Q&A: how should procurement tackle net zero?

Will Green is news editor of Supply Management
26 January 2022

Raising inventories and diversifying suppliers are among the investments companies may have to make in order to reach net zero ambitions, according to a report.

The wide-ranging report on the challenge of achieving net zero, by McKinsey, said work to limit the global temperature rise to 1.5C would increase costs and firms would have to employ strategies including partnering with suppliers to address this.

McKinsey has calculated it will require global capital spending on physical assets and land-use systems of about $275tn between 2021 and 2050 to reach net zero.

For companies the challenge could involve redesigning products, building new low-emissions businesses, revamping production processes, adjusting supply chains, and forming new partnerships.

“Building out supply chains to support the kind of step change in deployment needed requires not only significant capital and the right capabilities but also extensive coordination,” said the report.

“To produce low-carbon technologies at a cost that permits their broad uptake, companies may need to develop capabilities through partnerships that are not part of existing value chains or through new business ecosystems.”

It added: “More broadly, new partnerships with innovators and suppliers will be crucial to securing new forms of low-emissions inputs and driving innovation.”

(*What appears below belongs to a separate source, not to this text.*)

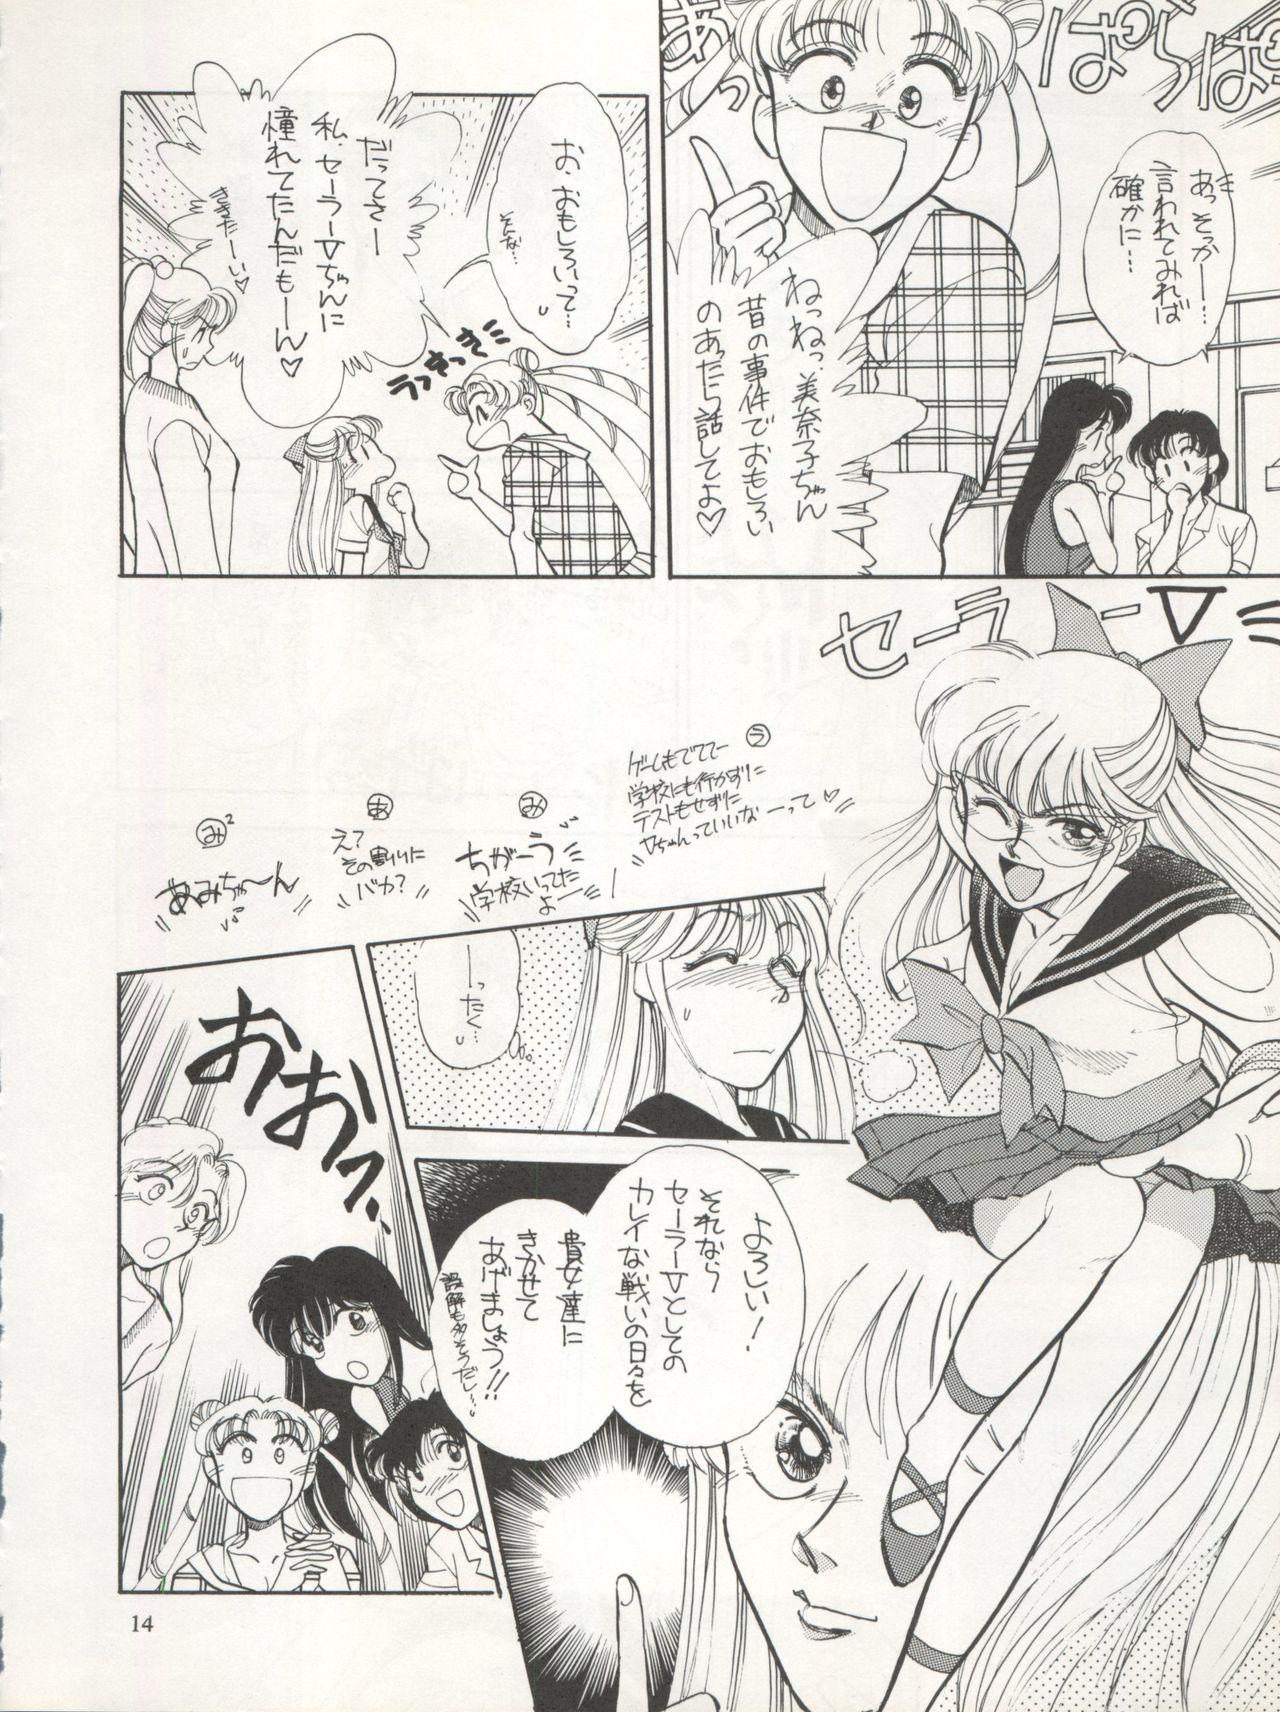 Busty Sekai Seifuku Sailor Fuku 5 - Sailor moon Amateur Sex - Page 12

Companies will need to identify opportunities to pass cost increases along the value chain, including partnering with suppliers to lower costs and charging customers a “green premium”.

“Government and business would need to act together with singular unity, resolve, and ingenuity, and extend their planning and investment horizons even as they take immediate actions to manage risks and capture opportunities,” said McKinsey.

1. What performance indicators should a company use to track and manage operations?

  Emissions indicators may need to be established as operating metrics, in addition to traditional metrics.

  New data sources and measurement techniques may need to be instituted to track emissions across all operational activities (scopes one, two, and three).


2. How can a company achieve efficient and cost-effective operations?

•  Own operations may need to be transformed to reduce emissions.

•  Operating costs, including input costs, may change as a result of decarbonisation efforts by the company and its suppliers.


3. How can a company make its own operations and supply chain more resilient?

 Business operation and supply chain volatility may increase as a result of physical climate risks, and from the climate transition (eg, shortages of key mineral resources, production capacity that may be insufficient to meet rising demand).

  Investments may be needed to make own operations and supply chains more resilient to these shocks (eg, raising inventory levels, diversifying suppliers).


4. What should a company’s sourcing strategy be? How should it interact with suppliers?

•  Manufacturing low-emissions products may create a need to work with new suppliers.

•  Closer collaboration with suppliers may become necessary to lower a company’s supply chain emissions.